Газета г. Чапаевска Самарской области
Газета для тех, кто любит свой город

ЛЕСНИЧИХА

17 июля 2013 года

Достал воды, поставил бадью на сруб, переливать не спешил, гнул свою ли­нию:

- Не одни тряпки зале­живаются, плесневеют и бабы.

И раздевал ее бес­стыдными шаловливыми глазами.

Александре был не­приятен этот разговор, и она потянулась к бадье, брезгливо морщась:

- А ты что же - сол­нышко, чтобы плесень-то сушить? Гляди-ка, обогревалец выискался. Ну-ка отойди. Смолоду воровством не промыш­ляла, а при сединах-то и вовсе не к лицу.

Никите и впрямь отой­ти бы, коли осечка выш­ла, а он, дурак, с руками полез:

- Жалко и обидно гля­деть на тебя: такой дра­гоценный камень и без должной оправы... Пой­дем, посидим у вас в пред­баннике.

- Это зачем еще? - от­вела Александра его руки. - И здесь нагово­римся досыта.

Никите бы хоть теперь опомниться, что не туда его кривая повела, да вы­рулить на верную дорогу, а он в еще большую хорохорливость пришел:

- Да ладно тебе, что жмешься? Идем. - И со­всем уж ума лишился, глу­пость брякнул: - Отдарю.

- Ты? - засмеялась Александра. - Меня?.. Гля­ди-ка, распушился. Даров не хватит, петух.

Этот смех и эта просту­пившая на лице Алексан­дры какая-то особая высо­кость и неуступчивость оскорбили Никиту. Ума у него еще убыло, а серости в глазах еще прибыло:

- Оно конечно, - отпя­тил он ковшом нижнюю губу. - Я не Мажук. Мы люди не звонкие, у нас леса нет, чтобы покупать себе баб таких.

Александра не вдруг поняла, что наградила Никиту оплеухой и что от оплеухи ее он опрокинул­ся вместе с бадьей в коло­дец и теперь барахтался где-то в нем, ругался:

- Ты что, сдурела?.. Где ты там, Александра? Руку подай, помоги мне.

Она помогла, подала ему руку, и он вылез из колодца, как вылитый из норы суслик. Волосы со­сульками свисали на лицо, губы дрожали, но не от того, что успел озябнуть в студености родниковой воды, а от обиды, что так нелепо закончилось уха­живание его.

- Как же я теперь до­мой заявлюсь, что Анют­ке скажу? - говорил он, расставив в стороны руки и оглядывая прилипшие к телу рубаху и брюки.

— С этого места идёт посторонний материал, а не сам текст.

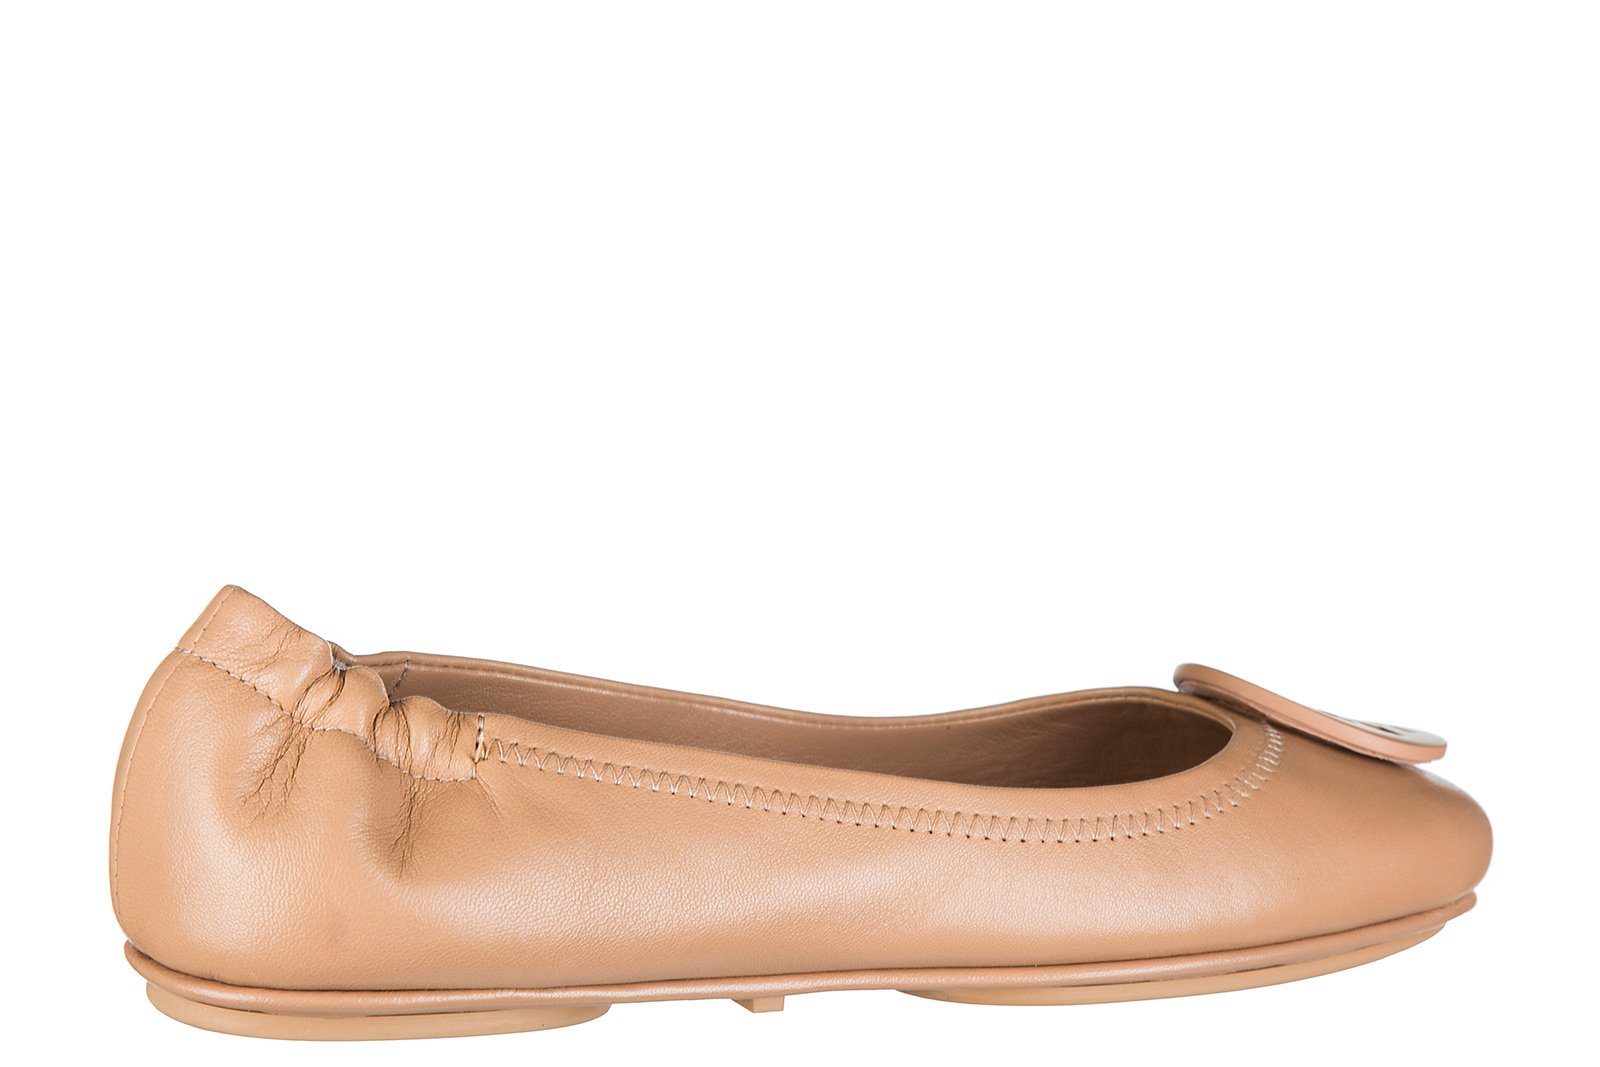 Tory Burch Women's Leather Ballet Flats Ballerinas Minnie Brown US Size 7.5 51158251254 image https://media.buyr.com/yFlfHexwLYGqNP6QWtlKqw-wi5FZgQrSX-AkDdpEYYaMg.jpg1
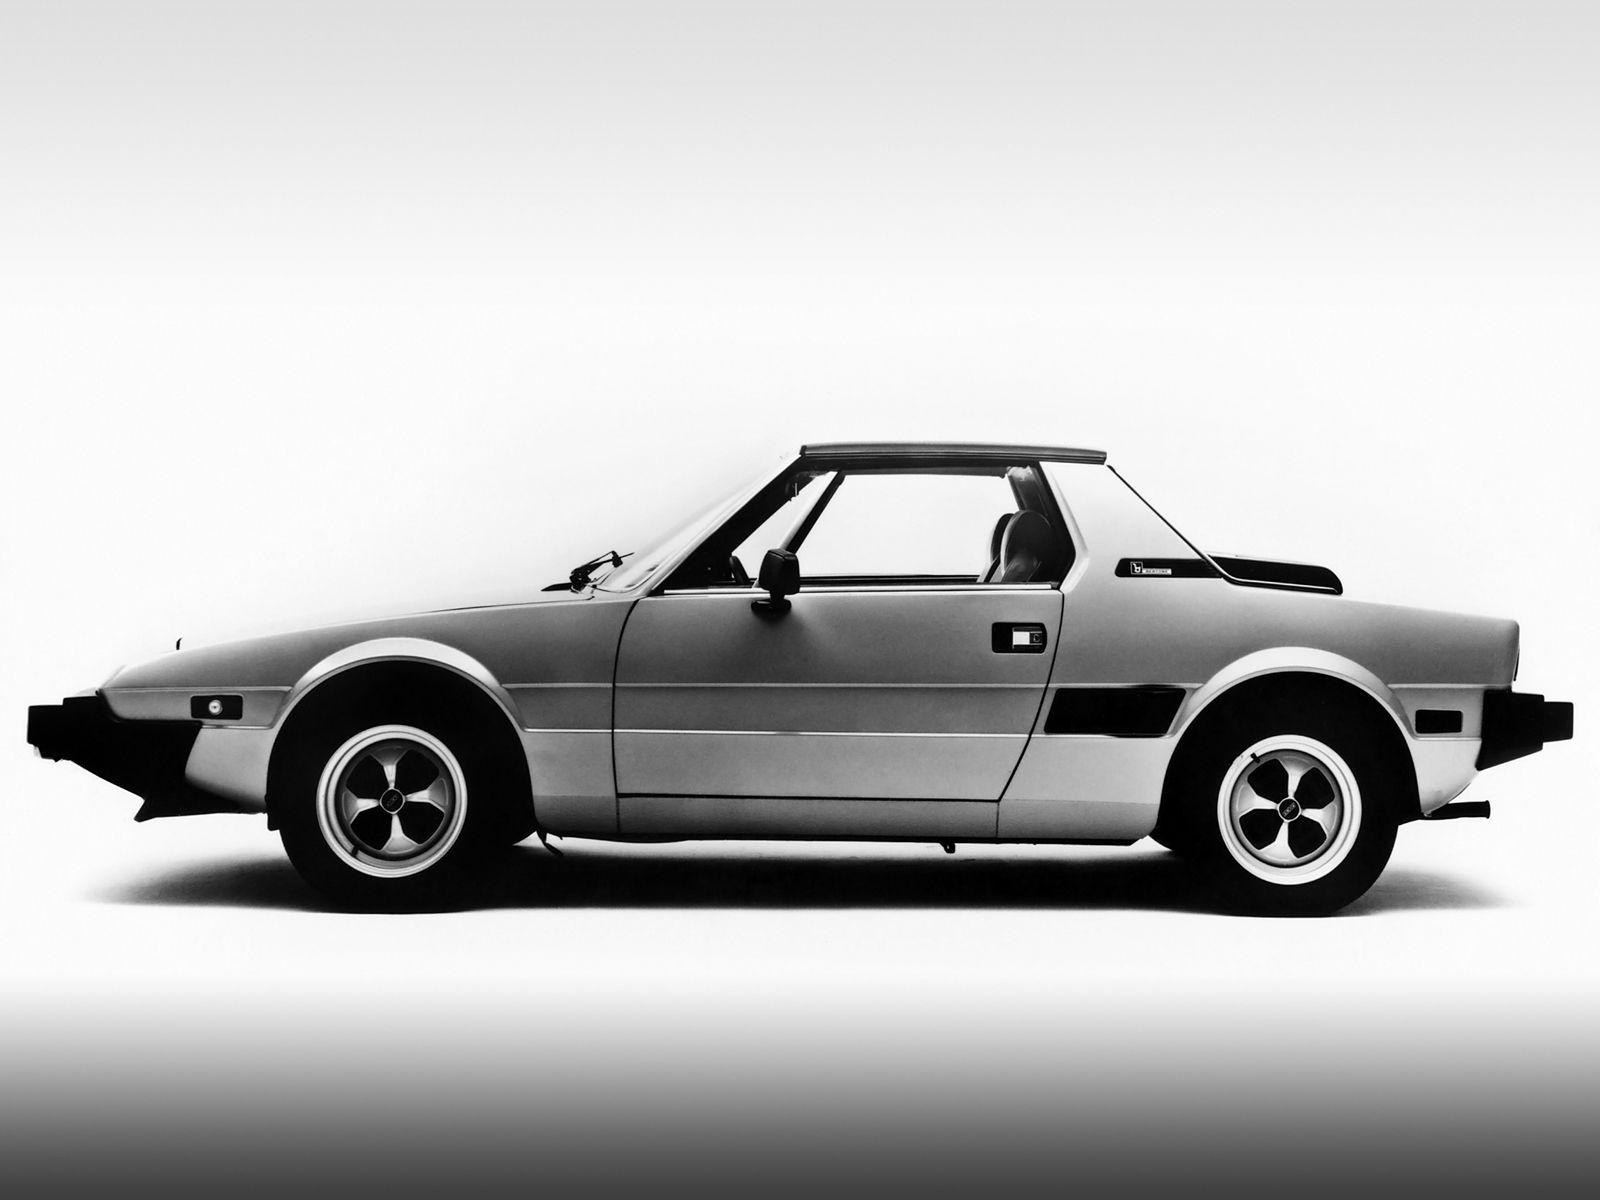 Fiat X1/9 (Bertone), 1978–82

Может, он ждал утеше­ния, но утешать его Алек­сандра не собиралась, ска­зала, вытирая пучком тра­вы руки:

- Что ты Анютке го­ворить будешь, не знаю, а вот что ты сейчас возьмешь бадью и вычер­паешь из колодца запога­ненную тобой воду, то это точно.

- Что-о? - взревел Ни­кита. - Чтобы я черпал? Да я что, совсем дурак, что ли?

- А не станешь отчер­пывать, - спокойно гово­рила Александра, - так я тебя коромыслом до само­го твоего дома гнать буду да еще и Анютке расска­жу твоей и Тимофею, как ты к моему телу любопыт­ство поимел, дарами в предбанник заманывал, греть собирался.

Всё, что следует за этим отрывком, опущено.